Il est des morts qu’on aimerait ressusciter pour se payer une bonne tranche de rire. Soudain, un spectre surgit de l’enfer, boule à zéro, la moustache tachée par un verre à demi-plein et le porte-cigarettes au bout du bras, glissant d’une voix chevrotante : « J’aime tremper ma bite dans le champagne au comptoir des bars chics. » Miracle, le Professeur Choron (1929-2005) est de retour ! Grâce aux Nouvelles éditions Wombat, le fondateur de Hara-Kiri et Charlie Hebdo reprend du service dans ses Mémoires de guerre et d’humour (coécrites avec Jean-Marie Gourio), publiées une première fois en 1993. Et les méninges de se joindre aux zygomatiques puisque la même maison réédite l’étrange essai de Pacôme Thiellement sur Hara-Kiri, Tous les chevaliers sauvages, panégyrique de Choron, Reiser, Wolinski et Gébé qui intellectualise (trop) leur humour bête et méchant.

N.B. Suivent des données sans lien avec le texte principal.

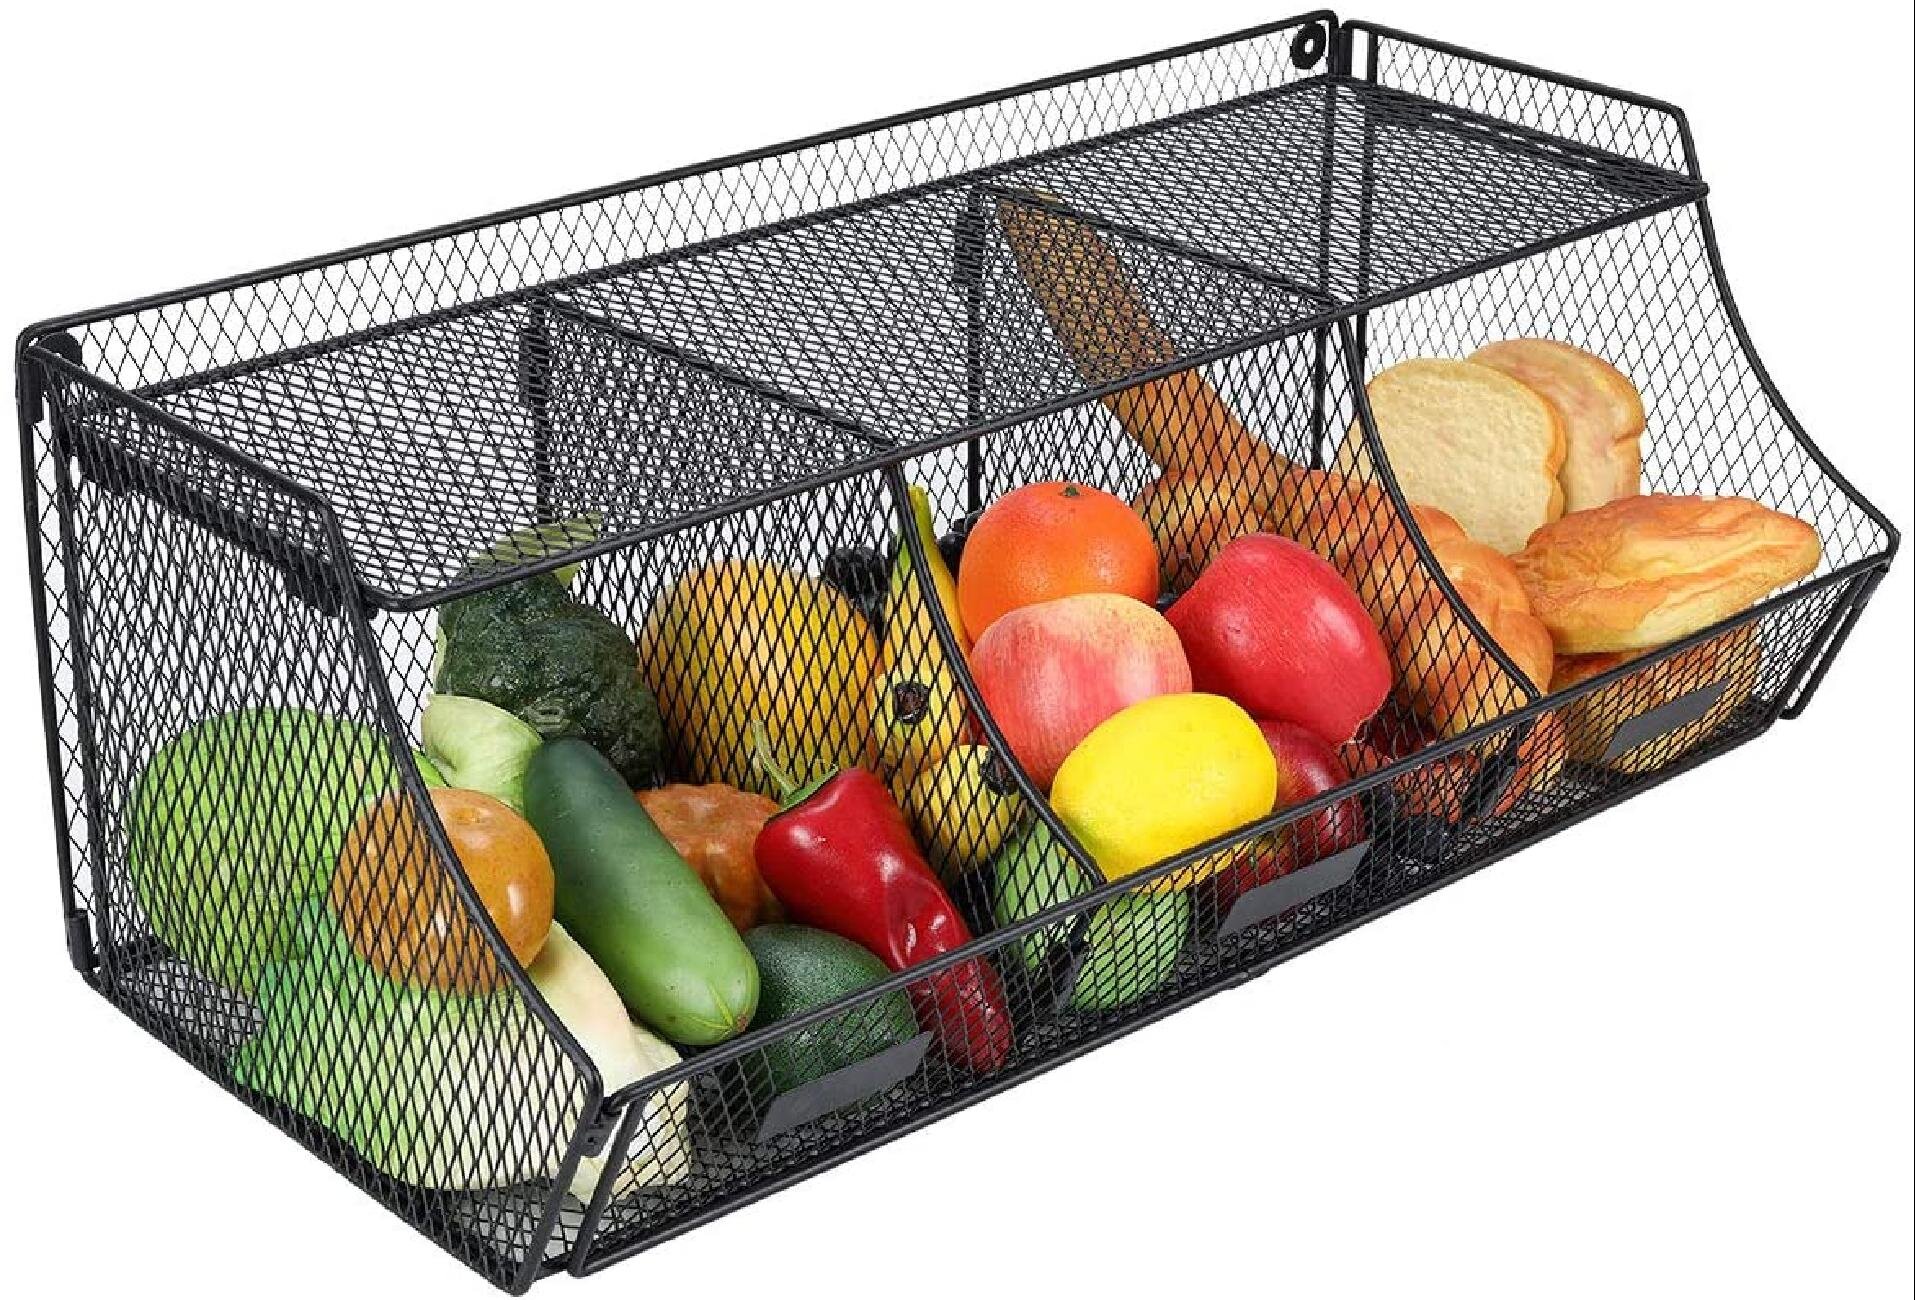 2 Pack-Black Wall-Mounted Black Metal Fruit Vegetable Baskets,Large /& Small Hanging Produce Bins,for Flowers,Fruits and Veggies,Decorations,and More,Set of 2 Black

Lorsque, la soixantaine venue, Choron dicte l’histoire de sa vie à son complice Gourio, il se fait parfois mélancolique : « On pourrait pratiquement, au lieu de compter son âge en années, le compter en nombre de morts », lâche-t-il dès les premières pages. Georges Bernier alias le Professeur Choron compte ses deuils comme d’autres les moutons pour s’endormir. Il y a eu ce père tuberculeux, l’ami génial Reiser (dont le décès inspira ce chef-d’œuvre d’humour noir : « Reiser va mieux. Il est allé au cimetière à pied. »), Coluche, sa femme Odile, suicidée aux barbituriques (« un moule à gosses » aux neuf fausses couches qui donna naissance à leur fille comédienne Michèle Bernier), puis le Prof lui-même, emporté par un cancer, là où il avait joyeusement péché.
Rien ne prédestinait ce scato impénitent à mener la grande vie. Né d’un père cheminot et d’une mère garde-barrière dans un trou perdu de l’Argonne, le petit Georges prend très tôt la tangente de cette terre de bûcherons. Par pur esprit de contradiction, il devient enfant de chœur en plein Front populaire, au contact d’un curé qui déteste les pauvres. Loin de l’image d’Épinal d’une campagne gentiment bucolique, Choron se souvient de son maudit patelin avec « des pauvres partout » et un sordide digne de Jérôme Bosch. « Il n’y avait pas la pilule, alors les gosses naissaient, naissaient tous les ans. Les gosses étaient sales, pleins de poux, pleins de puces. Ils se faisaient tabasser » par leurs parents ivres morts. Puis, la drôle de guerre arrive, les Allemands occupent le village, le bizuth Bernier chante tous les matins Maréchal, nous voilà ! à l’école avant de décrocher le certif. La Libération venue, l’adolescent observe les méfaits de l’épuration menée contre des femmes sans défense, si peu nazies qu’elles passent volontiers des bras teutons aux alcôves yankees.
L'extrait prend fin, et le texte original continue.